Mai come negli ultimi mesi il terzo settore sembra essere tra gli argomenti principali del dibattito pubblico

Dall’attesa dei decreti e delle circolari esplicative della Riforma passando per diversi casi di cronaca fino ad arrivare alle polemiche politiche, ogni settimana il terzo settore assume uno spazio significativo e impegna gli addetti ai lavori ed i cittadini in confronti più o meno pacati circa il ruolo che esso svolge per il nostro Paese.

Recentemente il Ministro Di Maio, spinto da alcuni fatti di cronaca, ha espresso un pensiero molto chiaro “Questi scandali sempre più spesso accadono quando lo Stato si ritira dando spazio a imprese, cooperative, Onlus magari politicamente o ideologicamente vicine, con una esternalizzazione o peggio privatizzazione dei servizi pubblici. Questo processo lo abbiamo già visto in diversi casi”. Tale osservazione ha, naturalmente, mobilitato la risposta di numerosi rappresentanti del terzo settore che hanno fatto notare come da sempre proprio dal variegato mondo del non profit siano arrivate richieste di maggiori controlli e applicazione delle regole in nome della trasparenza.
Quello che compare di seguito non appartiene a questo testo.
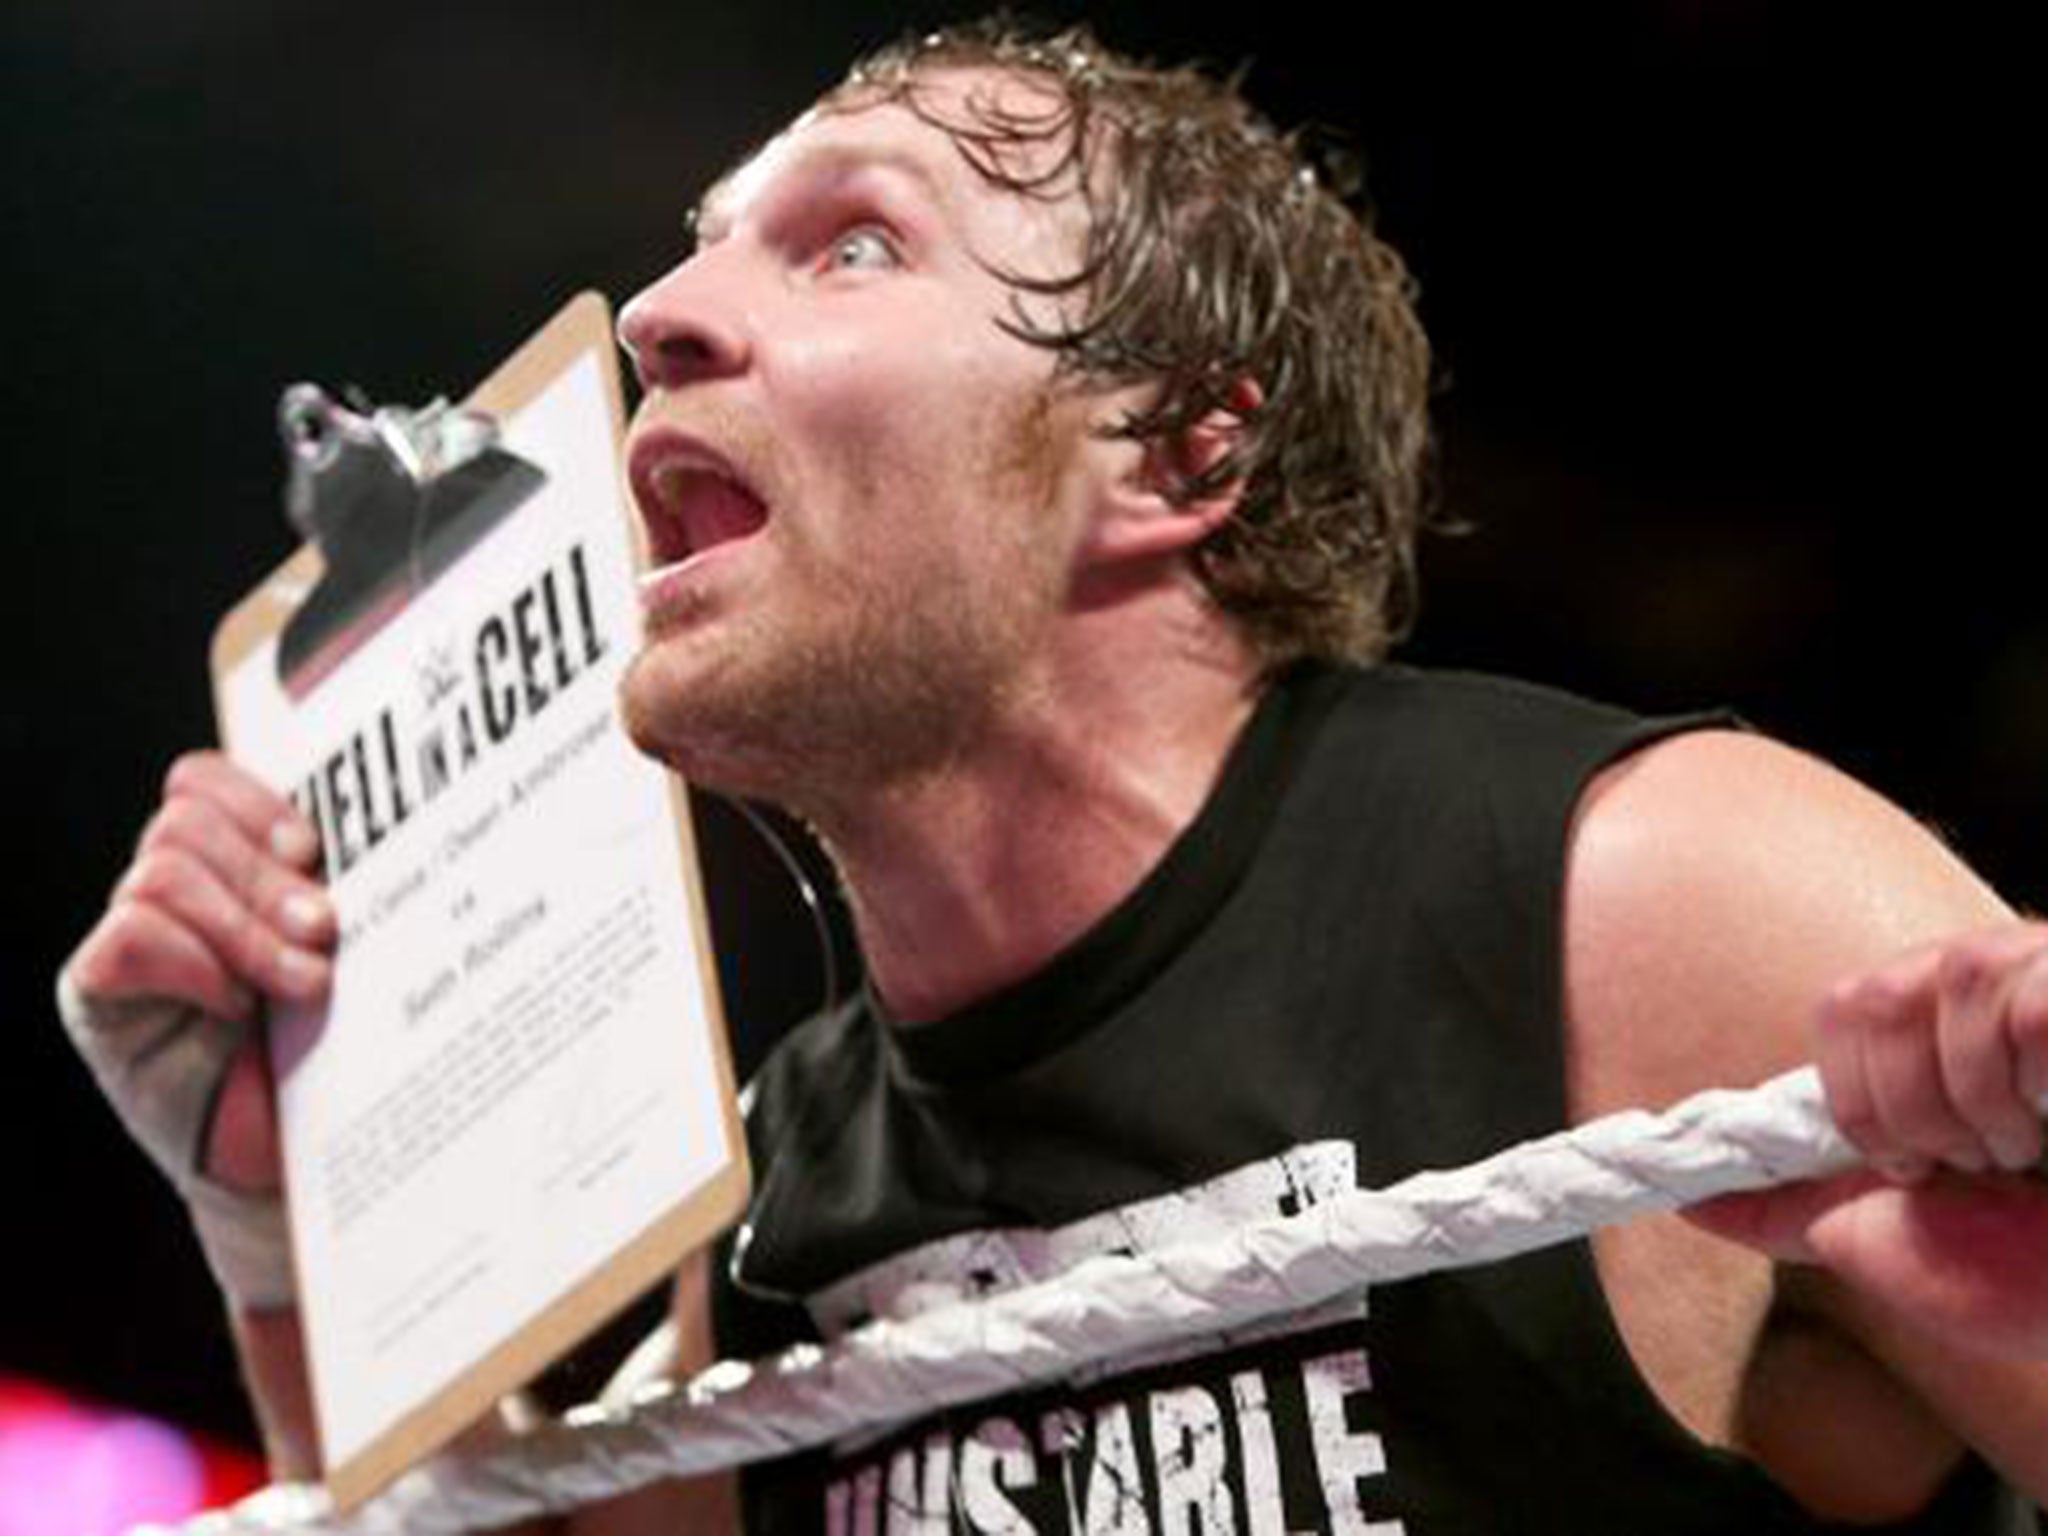 Dean Ambrose grabs the contract to face Seth Rollins at Hell in a Cell

Pur condividendo nel merito la risposta al Ministro Di Maio ed il conseguente invito a non generalizzare, bisognerebbe pur considerare che, probabilmente, questo momento storico può essere vissuto come una grande opportunità in termini di consapevolezza e rilancio per tutto il mondo del terzo settore. Non è solo “colpa” della politica o delle “pecore nere” dell’universo non profit se gli italiani tendano a fidarsi sempre meno del terzo settore nonostante gli sforzi quotidiani immensi di tante piccole realtà sui territori. Spesso l’approccio ideologico ha davvero viziato alcune attività facendo venire meno l’applicazione del principio di sussidiarietà in modo chiaro e compiuto e con la persona ed i suoi bisogni al centro del proprio operato.

Sicuramente la presenza di regole certe e di controlli rigidi potrà aiutare, ma occorre una grande operazione nazionale di rilancio del nostro mondo. Una nuova narrazione non viziata dalle amicizie politiche o di comodo, ma ancorata al reale e mossa dalla volontà di dare davvero voce a ogni latitudine al grande impegno dei tantissimi operatori seri del terzo settore.
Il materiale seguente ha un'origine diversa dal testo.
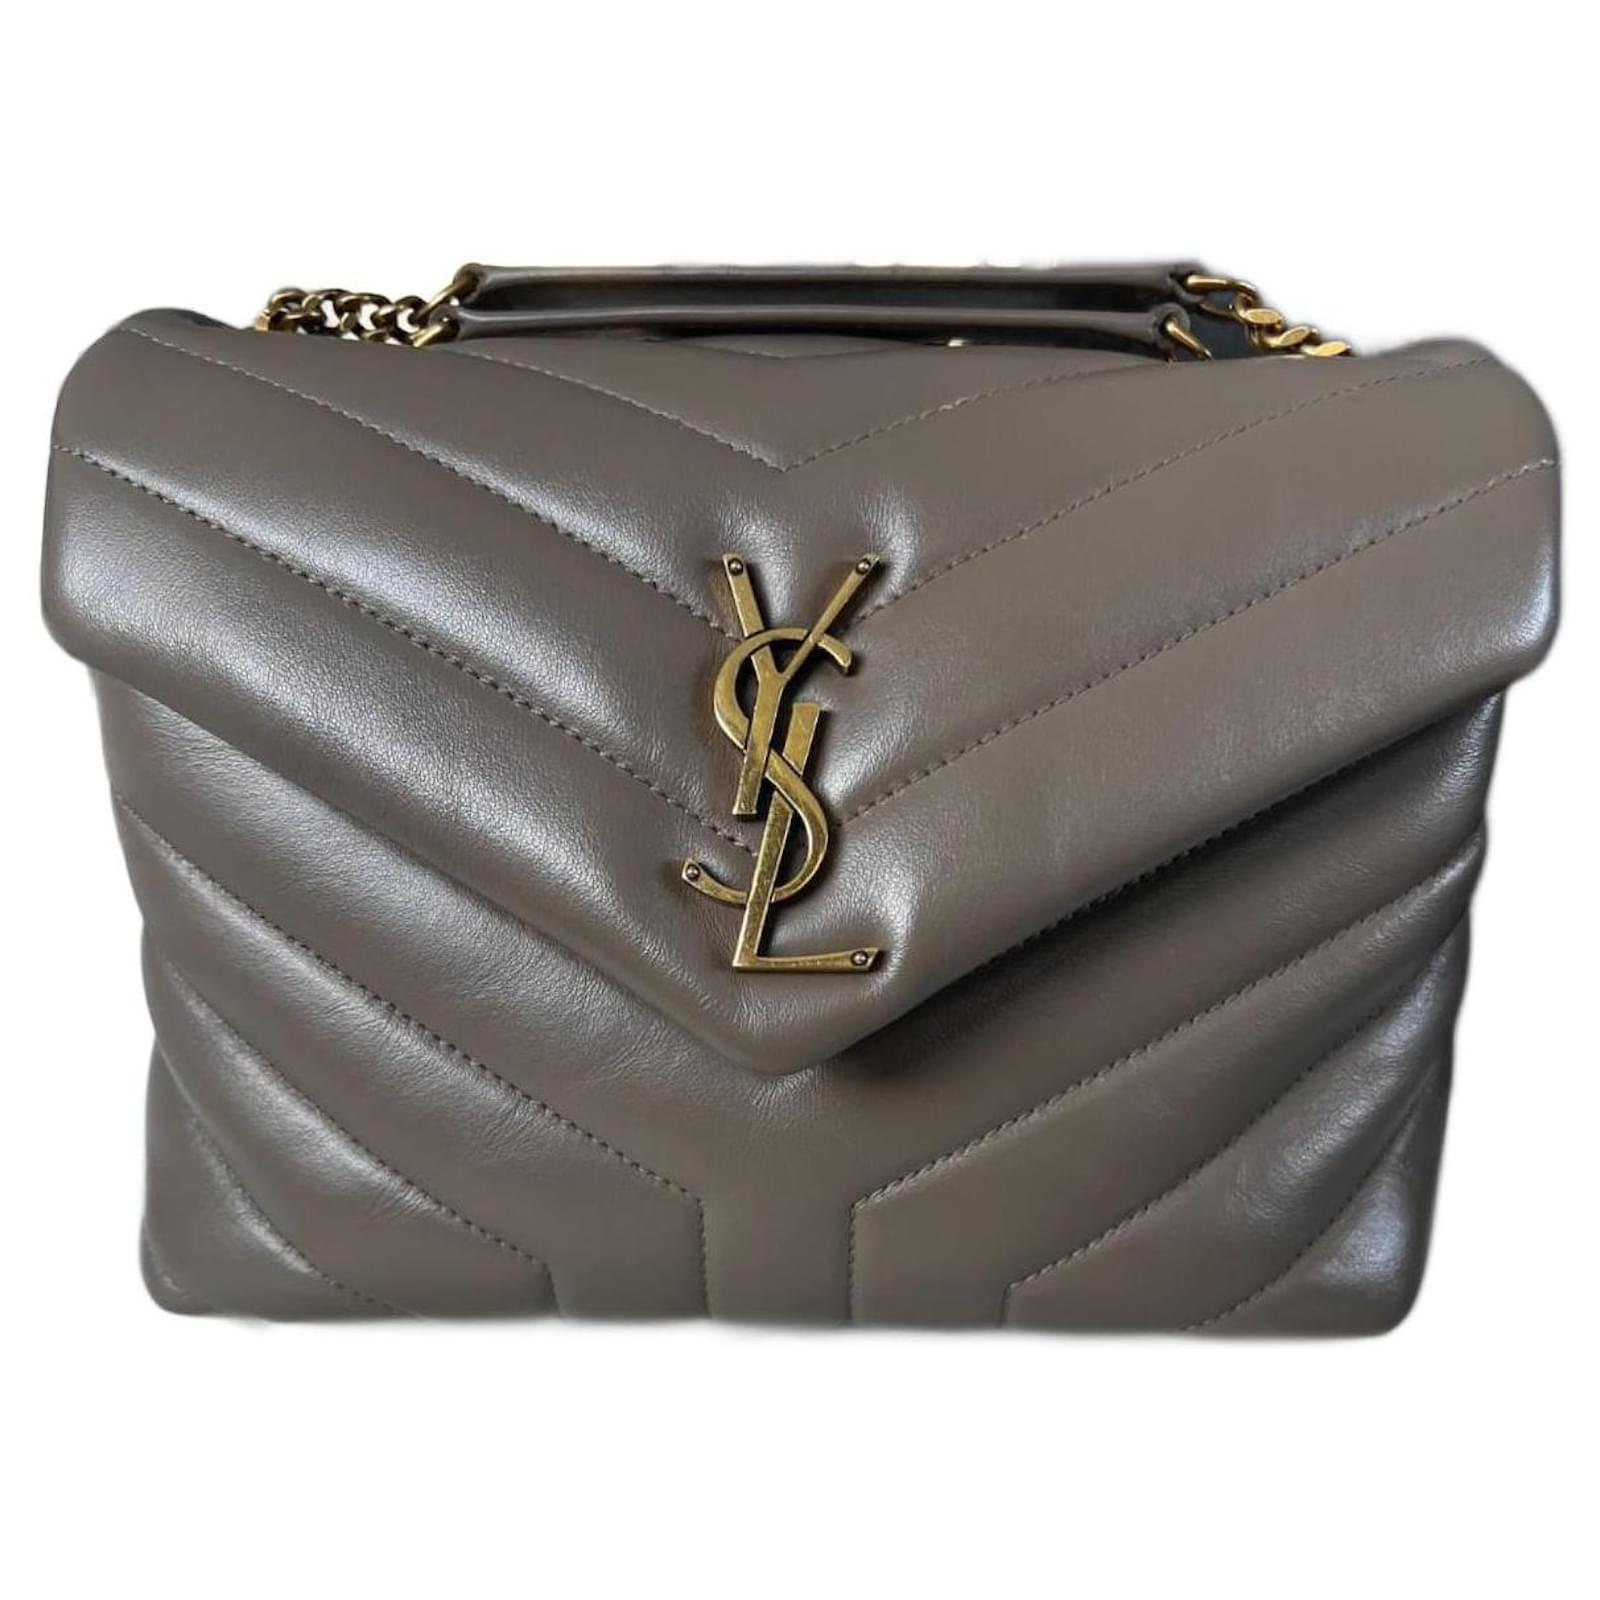 ysl loulou small

Un vero e proprio cambio di paradigma non più procrastinabile. Uno studio evidenziato da Eurostat ha acceso un ulteriore campanello d’allarme: in una speciale classifica venuta fuori da una più vasta indagine EU SILC sulla partecipazione e l’integrazione sociale, l’Italia è la nazione europea con la percentuale più alta di persone che affermano di non avere nessuno a cui rivolgersi in caso di necessità (il 13.2 % del campione intervistato che sale al 17% se consideriamo le persone con basso livello d’istruzione).
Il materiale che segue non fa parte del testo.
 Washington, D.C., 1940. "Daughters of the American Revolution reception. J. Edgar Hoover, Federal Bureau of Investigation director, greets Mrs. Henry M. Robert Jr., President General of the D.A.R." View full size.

Sicuramente, come mostra anche lo studio, su tali percentuali influiscono anche il livello d’istruzione ed il reddito personale, ma non possiamo pensare che il crollo di fiducia verso il non profit sia totalmente estraneo all’esito di questa indagine. Tutto questo accade nonostante la realtà di tanti esempi virtuosi realmente vicini ai cittadini.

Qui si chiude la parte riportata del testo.